The timing couldn’t be worse.
After months of concern about downtown violence and safety, police are under enormous pressure to stay proactive. Add in the recent leasing of Piatt Park to 3CDC and the broader push to stabilize downtown spaces, and it’s not hard to understand why officers may have been hyper-alert.
But pressure cannot become permission to shortcut constitutional rights.
Again, this is not about being anti-police. Cincinnati officers routinely deal with difficult, dangerous and unpredictable situations. Split-second decisions are part of the job.
This wasn’t one of those situations.
There was no active threat. No weapon displayed. No aggressive behavior. No indication that anyone was in imminent danger. Officers had time. They simply didn’t use it.
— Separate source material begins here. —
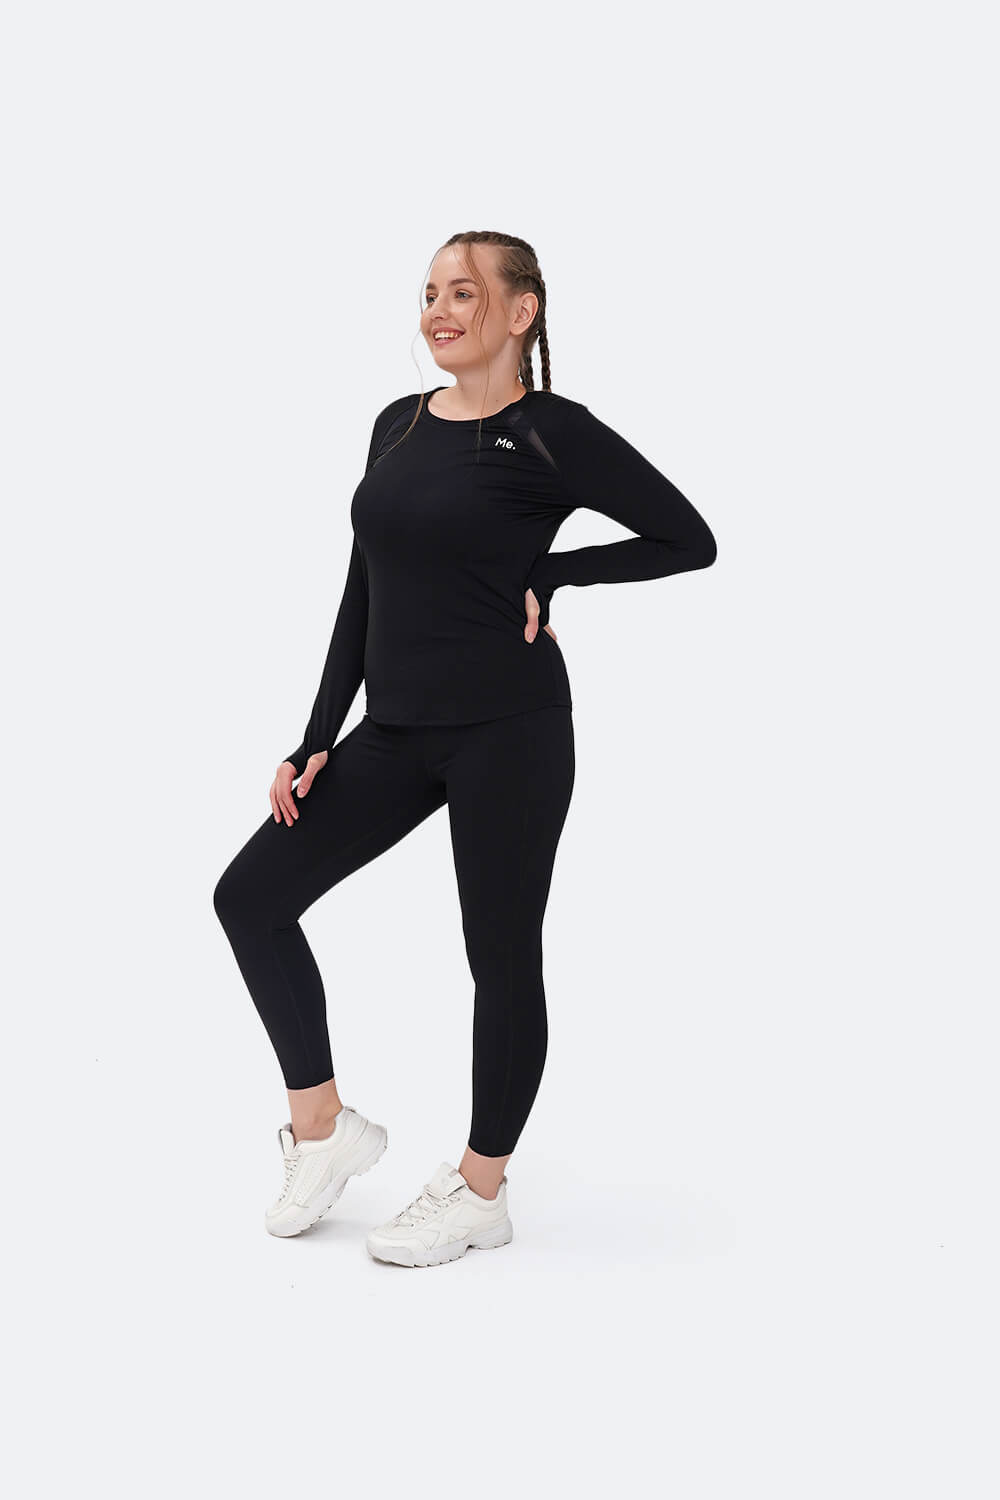 BetterMe High Waisted Slimming Leggings and Long Sleeve Top with

FOP President Ken Kober defended the officers by saying Moses “bit off more than he could chew.”
Maybe.
But it’s Cincinnati taxpayers who may ultimately choke down the consequences of an unnecessary arrest captured on video for the entire country to dissect.
I expect the charges against Moses will eventually disappear. I also suspect the officers involved will face little more than a quiet internal review and perhaps a notation in a personnel file. However, it seems evident that some additional training might be in order. It will be interesting to see what conclusion the Citizen Complaint Authority reaches.
But the bigger damage is already done.
Cincinnati once again finds itself explaining why its own policies apparently weren’t followed by the very officers expected to enforce them.
Opinion and Engagement Editor Kevin S. Aldridge can be reached at kaldridge@enquirer.com. On X: @kevaldrid.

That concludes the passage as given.